— Это сделал ты? — говорю с фальшивым изумлением, подавляя в себе негодование.
— Да, — отвечает он, воодушевленно любуясь своим художеством, — было дело, когда-то давным-давно.
— Признаюсь, я не была готова к такому.
— Тебе не нравится?
— Не знаю. Нравится, наверное…
С минуту мы постояли перед берёзой молча. Черные царапины под холодным светом фонарика выглядят как-то по-особенному трагично. Жутковатые рубцы вызывают мысли о душевной боли отверженного, его неразделенной любви и рухнувших надеждах. Острым лезвием от Серёжи страдания передались дереву. А привёл он меня сюда в назидание, дескать, смотри, Алёна, что ты натворила.
— Хочешь кушать?
— Что? — вырвалось у меня от столь неожиданного вопроса. Серёжины мысли и поступки такие же прямые, как его кишка, а потому, искать в них скрытый смысл попросту глупо и надписи свои дурацкие он накарябал от безделья, а не от каких-то там высоких-превысоких чувств.

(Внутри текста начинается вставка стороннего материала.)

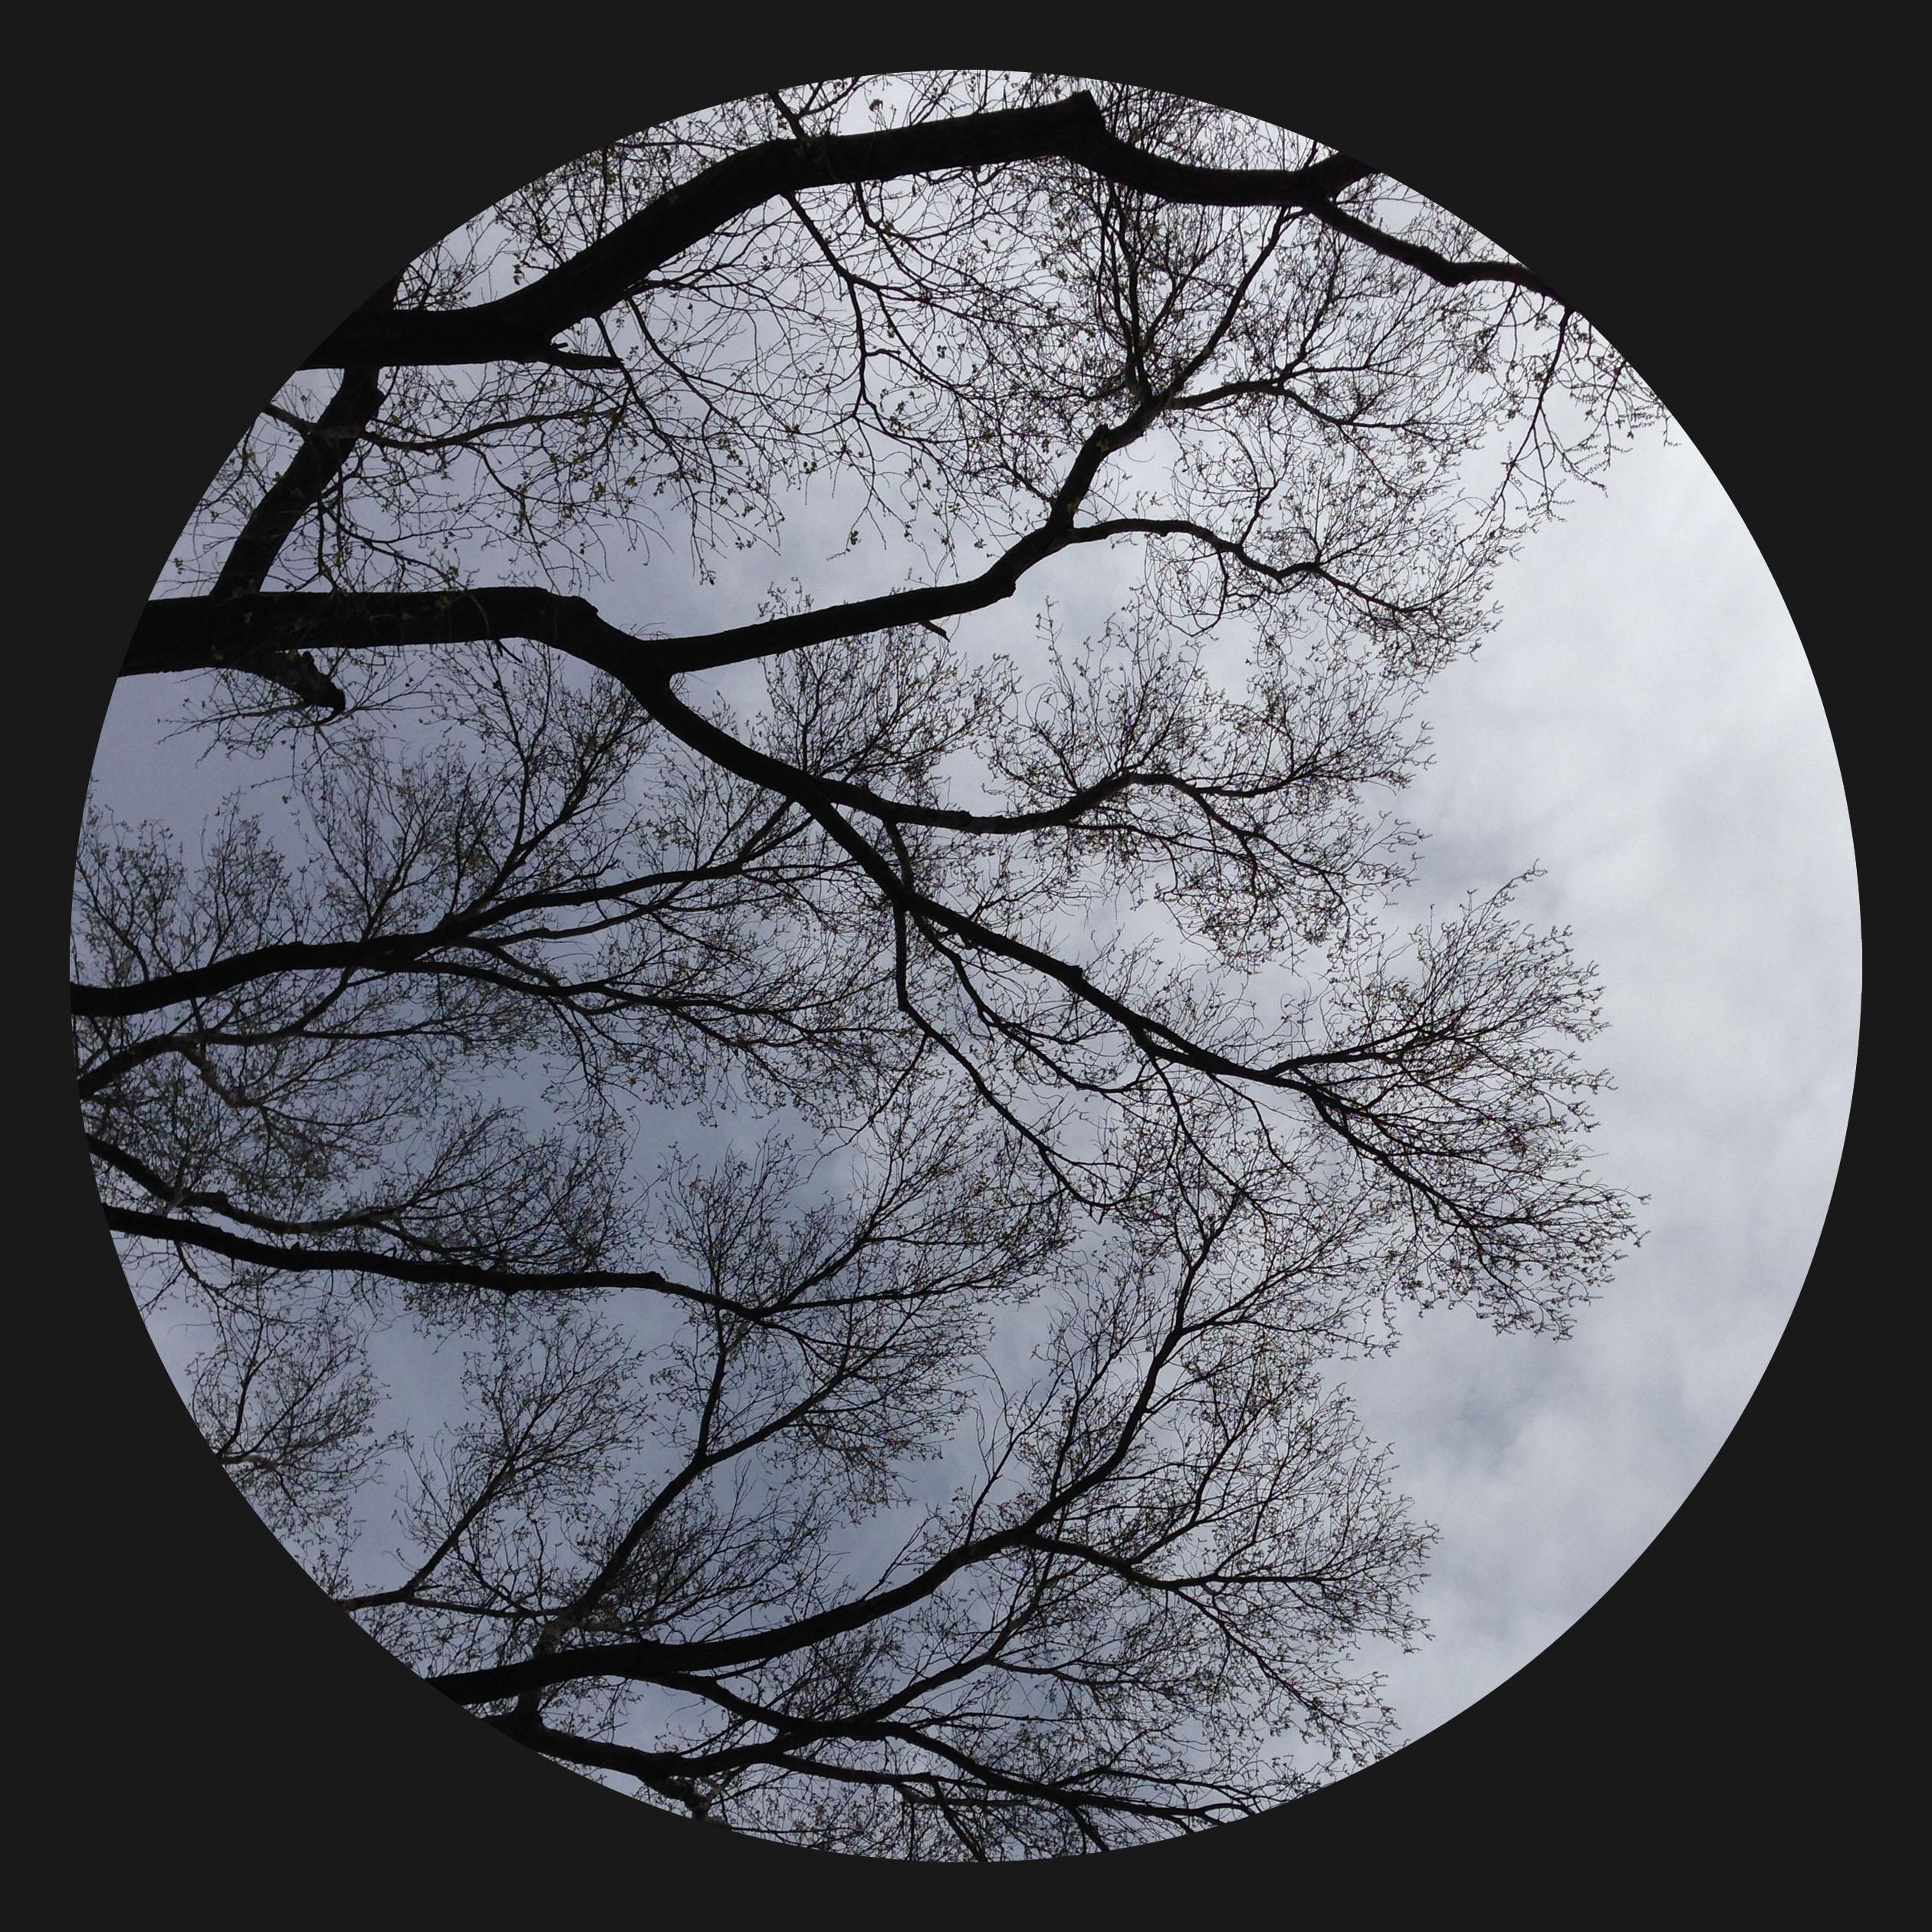 circle1-copy

— Ну, ты, может быть, проголодалась, а я даже не спросил, сразу сюда повёл…
— Нет, спасибо.
— Тут неподалеку можно перекусить.
— Нет, не надо. Давай просто прогуляемся.
— Давай, — соглашается он моментально. Голос звучит уверенно, но вспотевшую ладонь Серёжа незаметно вытирает о штанину и протягивает мне. Идём, держась за руки.

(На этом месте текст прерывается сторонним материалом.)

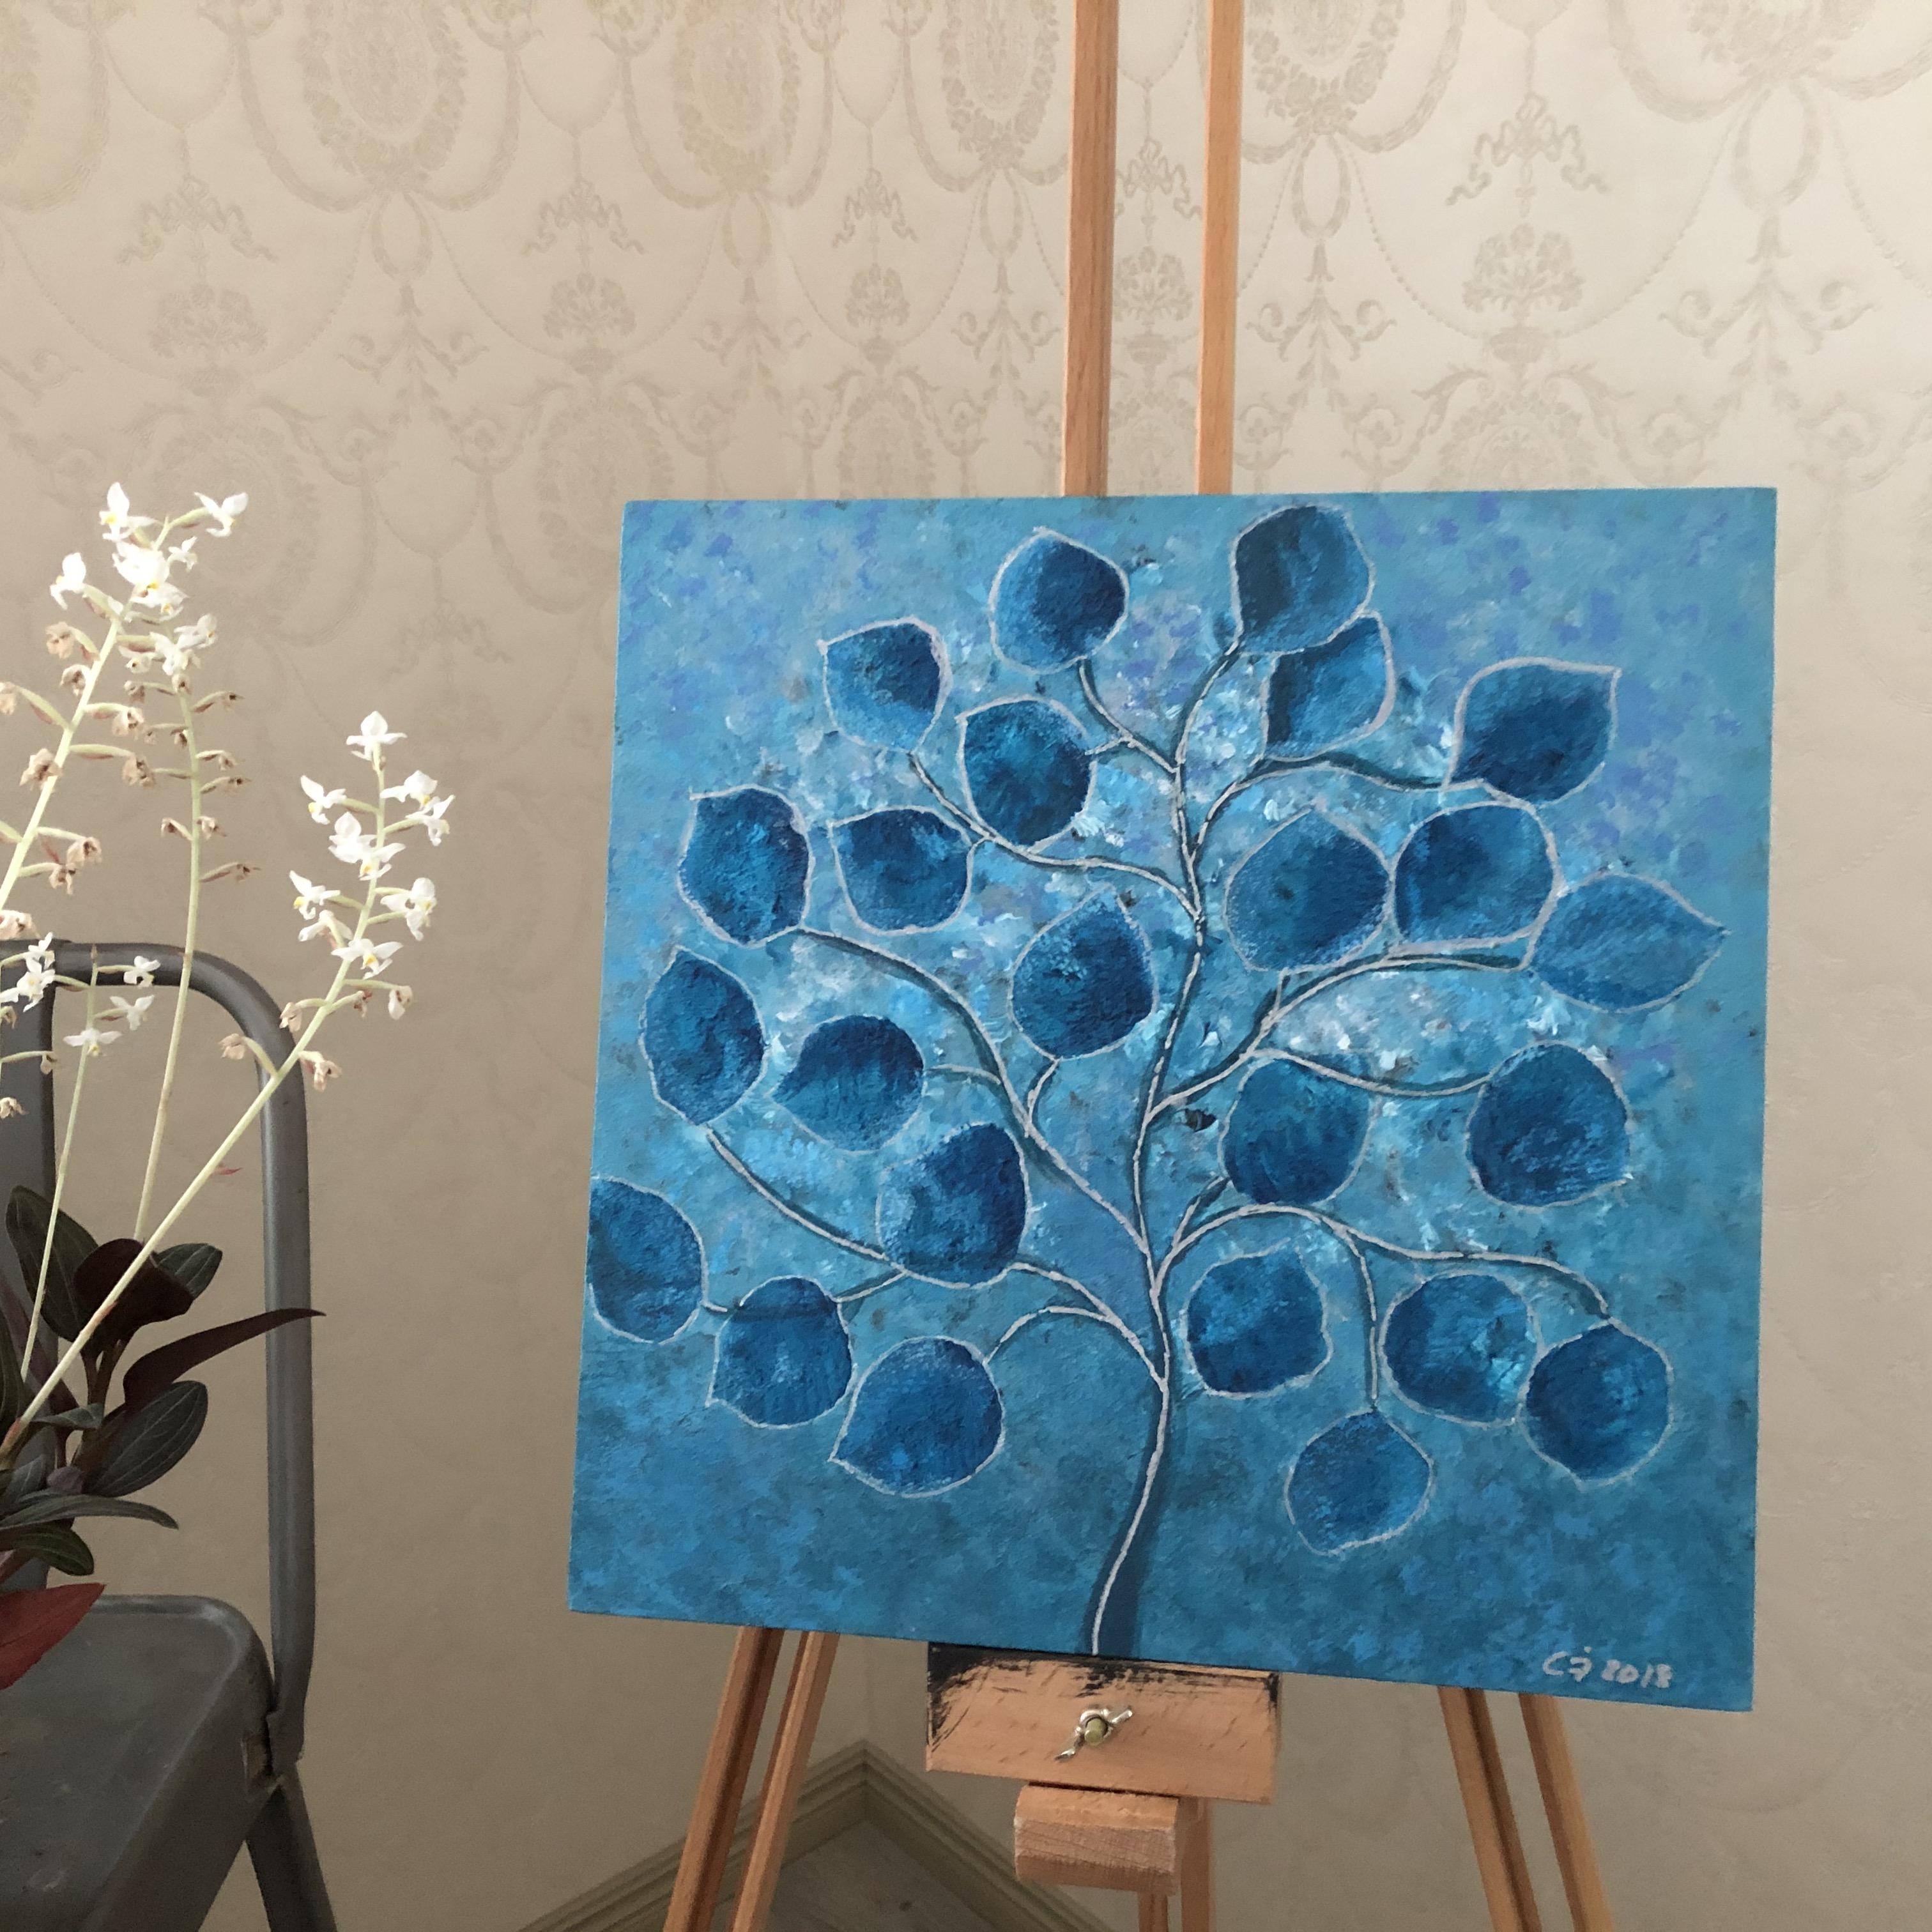 Pieni sininen puu, taulu 30 x30 cm

— Знаешь, для меня было полной неожиданностью, что ты сегодня позвонила.
— Почему?
— Ты никогда мне раньше не звонила.
— Ты тоже, — упрекаю, едва поспевая за его широкими шагами.
— Мне казалось, тебе нравятся парни постарше.
— Так ты теперь и есть парень постарше.
— Действительно, — усмехнулся Серёжа, — вот время-то летит. Раньше смотришь на кого-нибудь тридцатилетку и думаешь: ого, дядька какой большой, а теперь сам почти что этот дядька. Кого-нибудь из наших видела?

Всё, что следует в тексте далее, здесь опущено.